The benefits of using squares in HEALPix doesn't mean that a different DGG that uses triangles or hexagons is worse. Choosing the best one for you depends on what you need to do. rHEALPix is based on squares, and each square in a grid of squares has eight neighbours, but only four of them share a side. A grid of triangles has a similar issue, with even more neighbours. Instead, a grid based on hexagons may be better since all six neighbours of a hexagon share a side. So if you're thinking about a problem to do with movement, or if you only want to consider one type of cell neighbour, then a DGG with hexagon cells may be better than one with square or triangle cells.
There is no DGGS that is perfect for every job. Hexagons are bad because it is not possible to make a perfect-shape hierarchical DGG with hexagons: you cannot form a large hexagon out of small hexagons. This does not make such a DGG bad. Actually, this is exactly what Uber uses for its H3 grid, where aligned shapes aren't as important as an abstract hierarchy, or the use of touching shapes for studying movement.
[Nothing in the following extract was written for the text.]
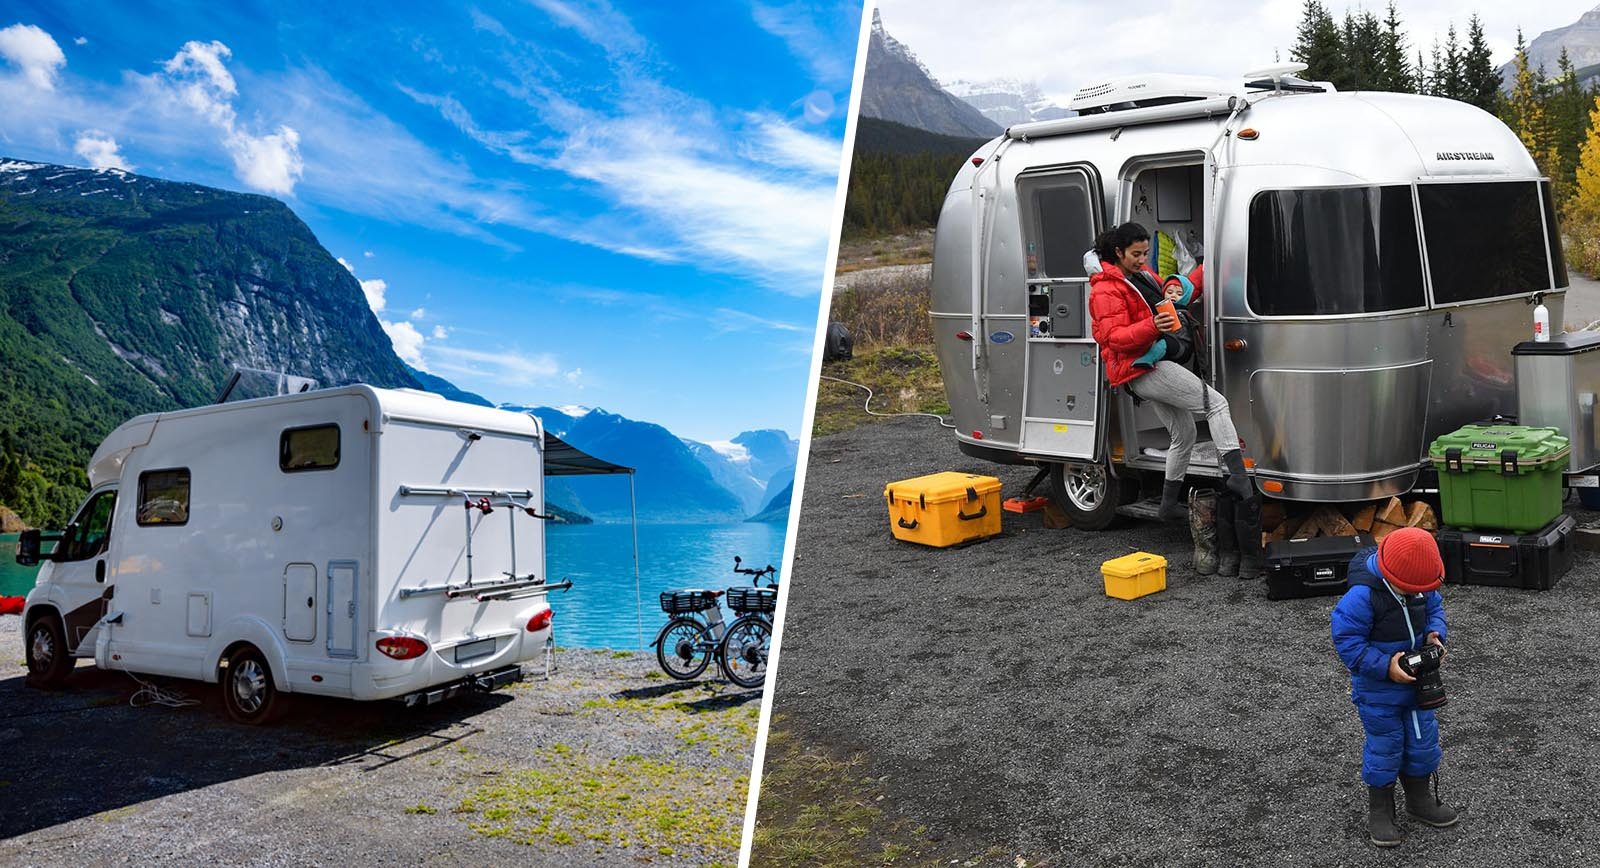 family camping boondocking rv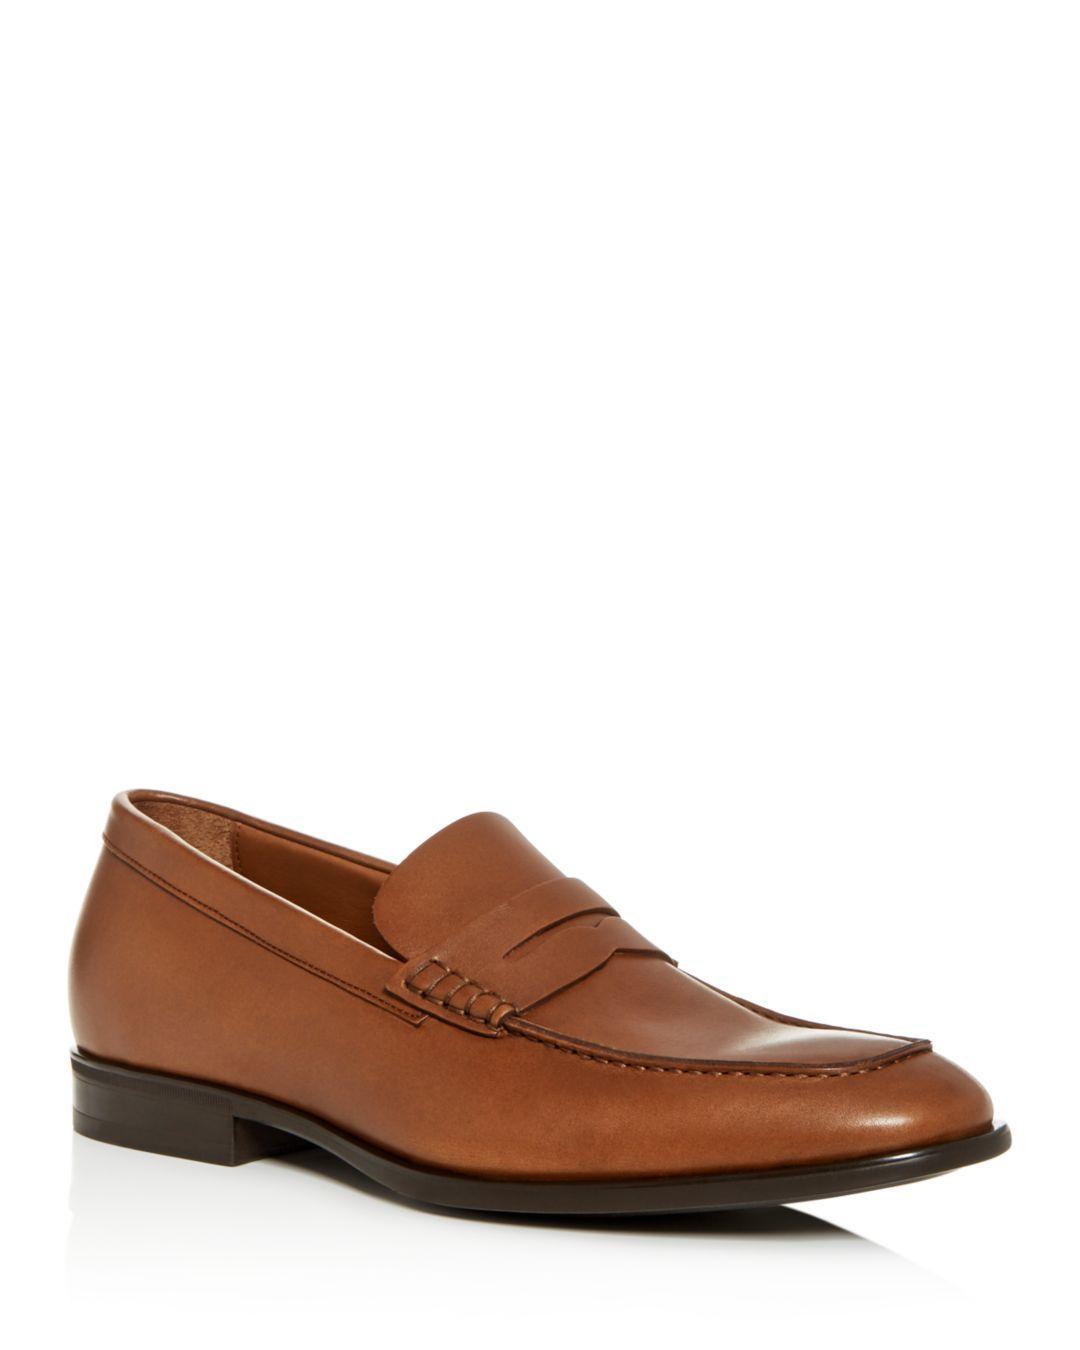 3729efd7929 Lyst - Aquatalia Men s Adamo Weatherproof Leather Penny Loafers in ...

A hierarchical DGG is also called a discrete gobal grid system, or DGGS. I prefer "hierarchical DGG" and not "DGGS" here because it's clearer about the difference between a DGG with one level, and a DGGS with nested ("hierarchical") levels.
This has been written with help from xkcd's Simple Writer, which tells me when I use difficult words. I have left some difficult words in because I could not think of words or phrases that I liked better. I'm not a technical writer by profession, so this is my best attempt at a general purpose introduction to DGGs.